Some of you who were personally involved with Daisy already know, but many of you who have shared her adventures and have been her adoring fans for many years through my blog; don’t. As devoted followers of Daisy’s nomadic adventures, I owe it to you to tell you what happened. I had so many things to tell you – but first, I have to do this.

Despite at least three bowls of water in the boat, she started to demand that I turn a tap on; climbed into the dinghy on the roof to drink, lapped rainwater off of the stern and the gunwales of the boat. Suspecting kidney problems, we went to the vet for blood tests. Our concerns were affirmed that she had early onset kidney function loss and we put her onto a specialist renal diet which, amazingly, she loved.

Our generator died, so we had to go into a marina and, whilst G was nattering to Mr ‘fix the generator’, Daisy sauntered down the pontoon to G, chomping upon her freshly caught mouse. G picked up the remains of the mouse and threw it into the water; Daisy launched herself into the water after it. It seemed to happen in slow motion; I screamed at G and, with a lightning reaction, he caught her mid leap.

We got out of the marina as soon as we could and moved to one of our favourite moorings, where Daisy could run her bullying tactics on the local dogs who had the audacity and temerity to (try to) walk through her territory.

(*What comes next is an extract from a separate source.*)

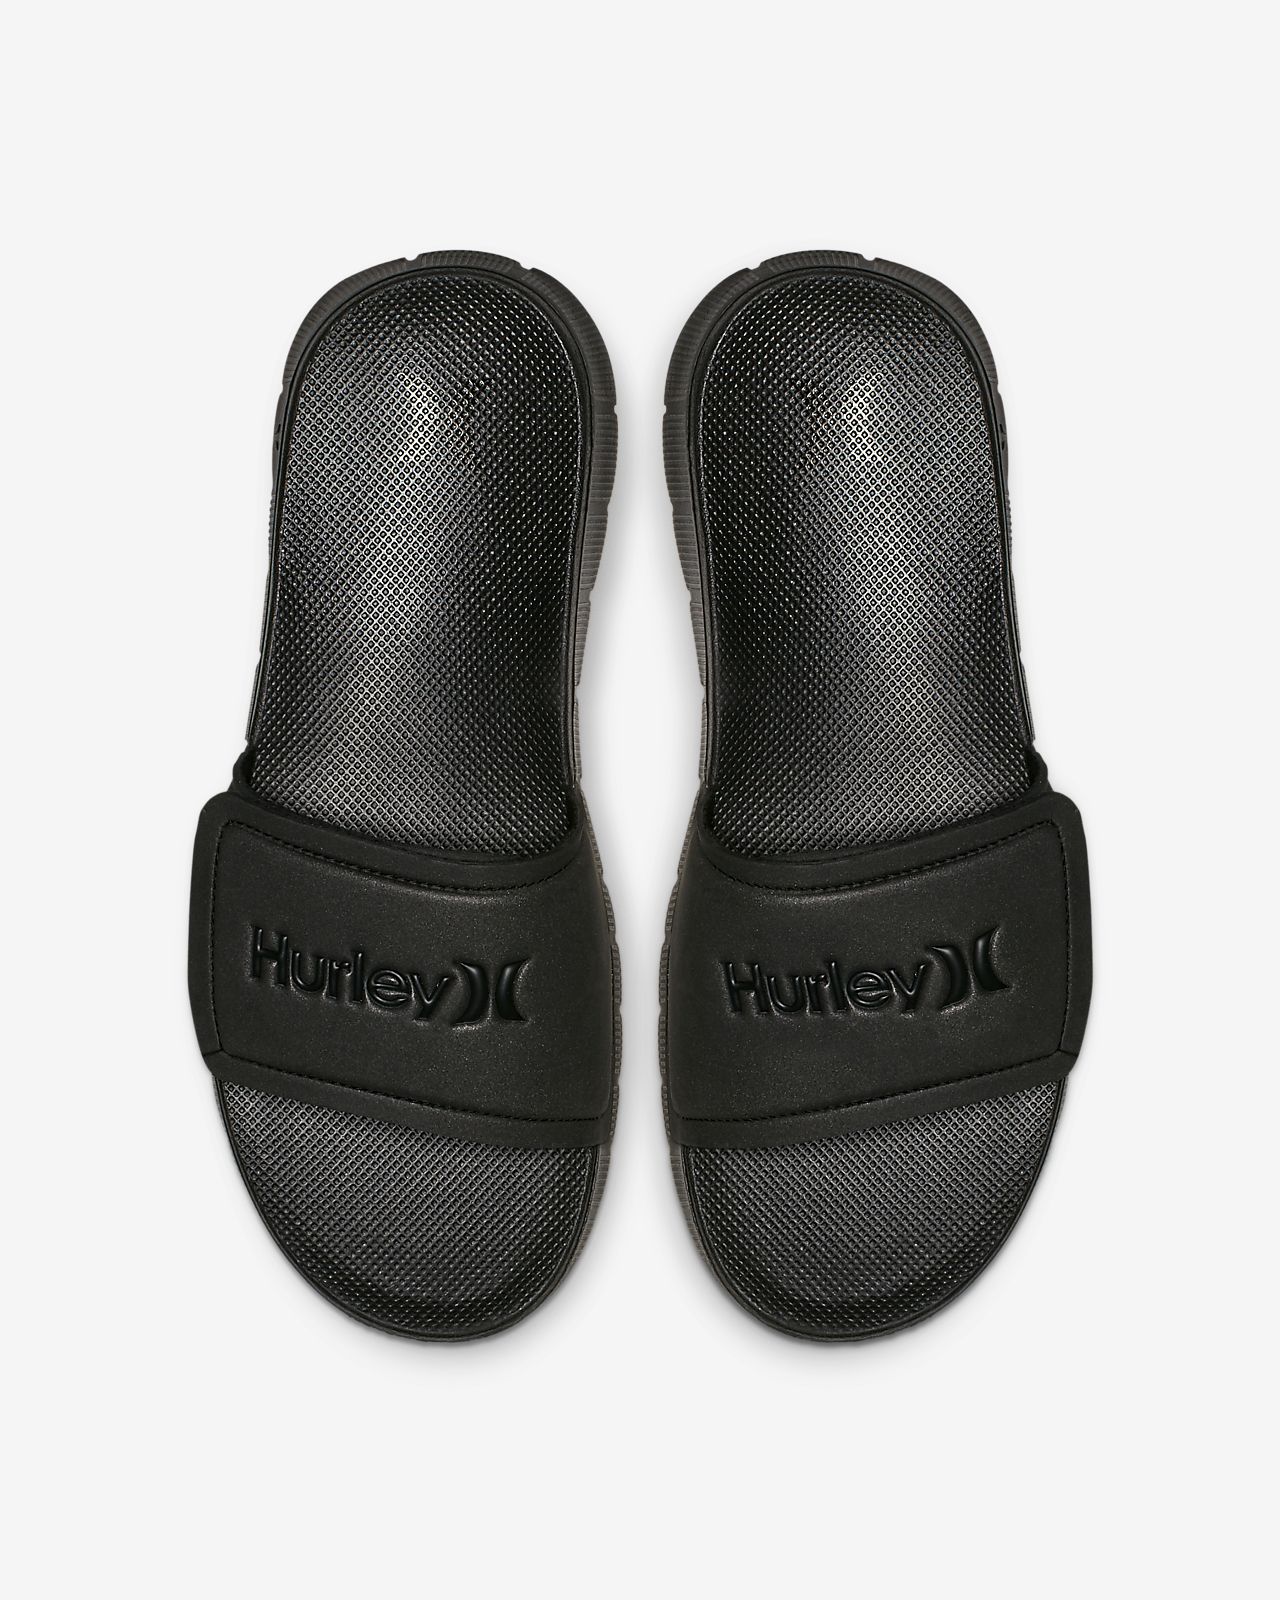 Hurley Fusion Slide Sandalias - Hombre. Nike ES

On Saturday she stopped eating.

Monday we took Muttley to the vet to discuss the nasty growth on his back leg, I discussed Daisy’s loss of appetite, and made an appointment to take Daisy in the next day, having thought that the vet would have prescribed an appetite stimulant. No problem, Daisy is always happy to zot into her carry case which, usually, means picnics and new adventures. This time I let her down.

She never came home.

Her kidneys and liver had shut down. It didn’t seem possible with all her shenanigans over the previous few days, and the vet couldn’t believe that she had continued as she was. The vet said that she had hung on, purring away on our laps, because of our special bond. I asked if we could take her home for a few days and was told that it would not be kind to her, so we had to call it. She died peacefully snuggled into my arms – a place she rarely left.

What a girl. Do you remember the night we thought we’d lost her in France, when she managed to get herself locked into the VNF office and then, having worried us to death all night, came home the following morning complaining that she had no food or litter tray all night? The time I opened the side shutters on Matilda Rose and threw her half way across Tixall Wide before she landed with a splosh in the water? When she dropped a live rabbit on the dinner table in the middle of Sunday lunch (which took off down the boat with Baxter and Muttley in hot pursuit)? The ‘little mouse with clogs on’ that she let go of in the boat and lived with us for 6 months whilst Daisy spent every night gnashing her teeth at it whilst it ran around our bedroom ceiling? The wonderful walks along the beaches in Spain earlier this year whilst the locals looked on in astonishment?

She was one extraordinary lady who chose to live with us for eighteen years and our lives will never be the same without her. So I am going to share some pictures with you, and then a movie that my dear friend Marijke made for me; having so recently having had to say goodbye to her own beautiful dog Binte and who understands the pain. Thank you Graham, Marijke, Sue and Gezina (in no particular order) for being by my side whilst I try to come to terms with this.

I never saw it coming and, somehow, thought her to be immortal. I think you did too.